57. The claimants further state that the Basel Guidelines “show that it is
not parallel banking, (which is denied) that is per se risky, it is the
failure to supervise the banks involved that is the risk”. But the Basel
Guidelines state the particular risk associated with parallel banking.
The Basel Guidelines state that the “particular risks associated with
parallel banking structures stem primarily from the possibility that
officers or directors of one of the parallel banks will expose the bank,
to higher risks through transactions with related parallel banks.”
There is also evidence that in principle parallel banking structures
should not be permitted. The evidence above also shows approaches
by CBB to achieve consolidated supervision of the banks which was
rejected.
(xii) Error of Facts
58. It was submitted that CBB erred on the facts in considering BBL
reduction in its shareholding in BCBIL as there is no obligation
imposed by CBB that BBL must retain full ownership of BCBIL, and
BBL had no control of this at all. The CBB formed the view that the
49
reduction of BBL shares in BCBL from 100% to 23% created a
parallel banking structure which is defined above. There was also the
Transaction described above and the disadvantage given. These are
facts established by the evidence and on which facts the Directives
and variation orders and Revision were issued. It was also submitted
by the claimants that CBB considered an inaccurate account of
BCBHL’s reasons for expansion in Trinidad and Tobacco. There was
no oral evidence subject to cross-examination in this matter. The
burden is on the claimants to prove this allegation and I am not
satisfied on a balance of probabilities that they have done so.

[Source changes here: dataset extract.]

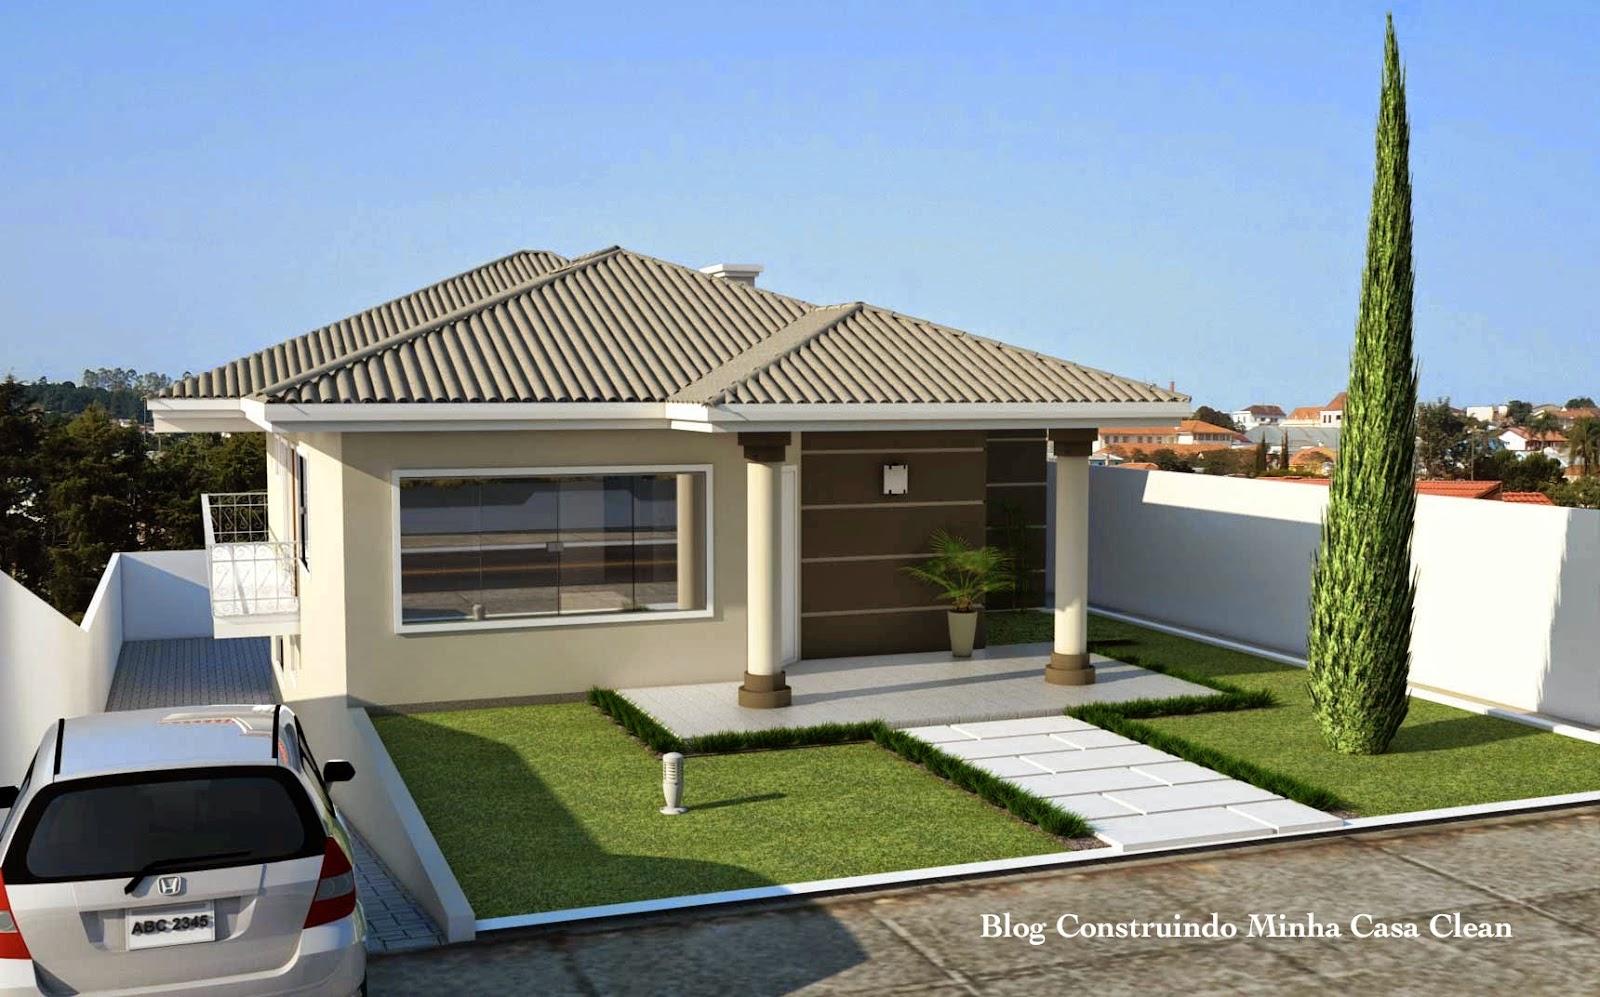 #1A59B1 Construindo Minha Casa Clean: Fachadas de Casas em Terrenos em Declive  1418 Quanto Custa Uma Janela De Aluminio Para Quarto

(xiii) Relevant and irrelevant considerations
59. It is said that the CBB took into account in making the Directives and
Revision irrelevant considerations; and failed to take into account
relevant considerations. It is clear that a public authority in the
exercise of statutory discretion must consider matters which are
relevant to its decision and exclude from consideration matters which
are irrelevant to what it has to consider. If there is failure to do so the
authority may be said to have acted unreasonably and unlawfully.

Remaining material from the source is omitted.